Refs: https://github.com/ggml-org/llama.cpp/pull/18862#issuecomment-3756330941
* completion : add replying of session state
This commit updates the session handing in the completion tool to handle
the that logits are no longer stored in the session file. Instead, we
need to replay the last token to get the logits for sampling.
* common : add common_prompt_batch_decode function
This commit adds a new function which is responsible for decoding prompt
and optionally handle the saving for session data.

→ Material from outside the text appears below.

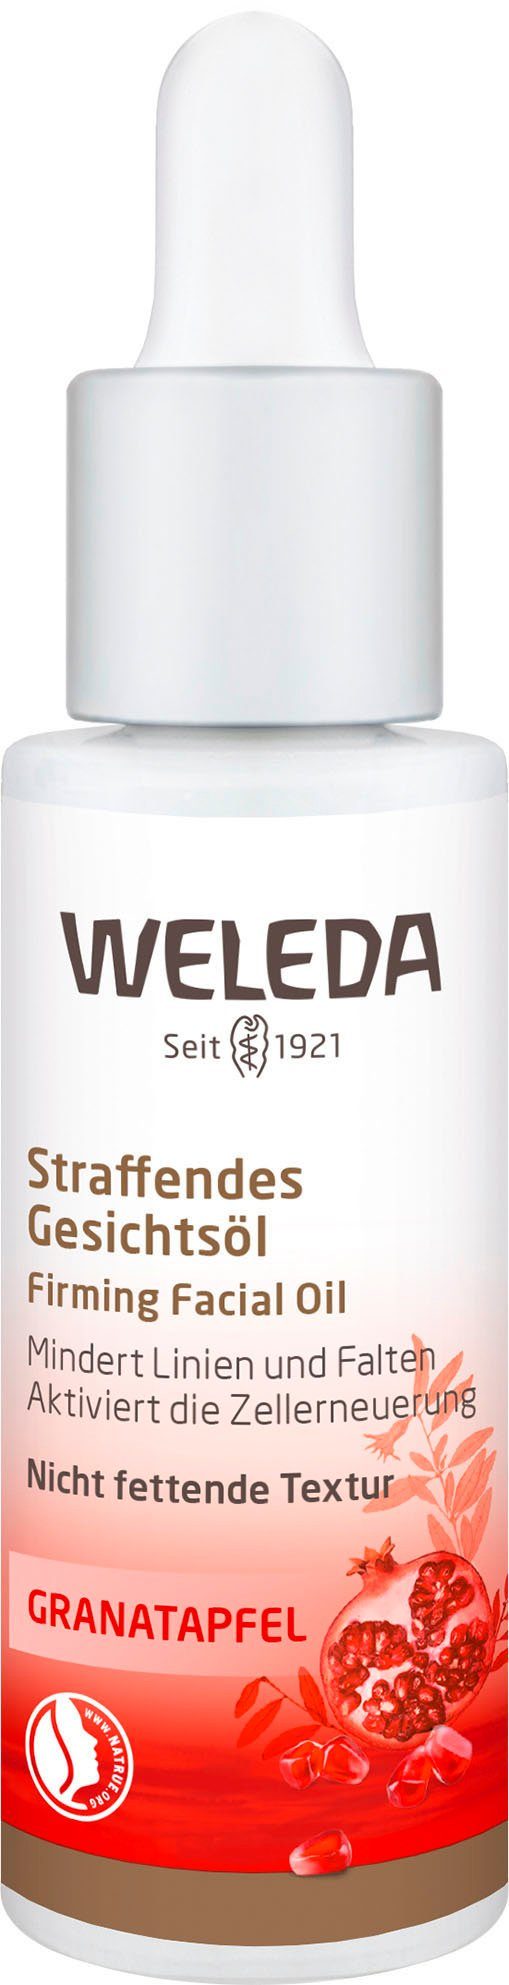 WELEDA Gesichtsöl Granatapfel online kaufen | OTTO

* update save-state.cpp to use llama_state_load_file
This commit updates the save-load-state example to utilize the new
llama_state_load_file function for loading the model state from a file.
And it also replays the last token after loading since this state is now
stored before the last token is processed.
* examples : set n_seq_max = 2 for ctx3
This commit updates the save-load-state example to set the n_seq_max
parameter to 2 when initializing the ctx3 context.
The motivation for this change is that using 1 as n_parallel/n_seq_max
the context only supports one sequence, but the test laster tries to
use a second sequence which results in the following error:
```console
main : loaded state with 4 tokens
main : seq 0 copied, 225760 bytes
main : kv cache cleared
find_slot: seq_id=1 >= n_seq_max=1 Try using a bigger --parallel value
state_read_meta: failed to find available cells in kv cache
```
This seems to only happen for recurrent/hybrid models.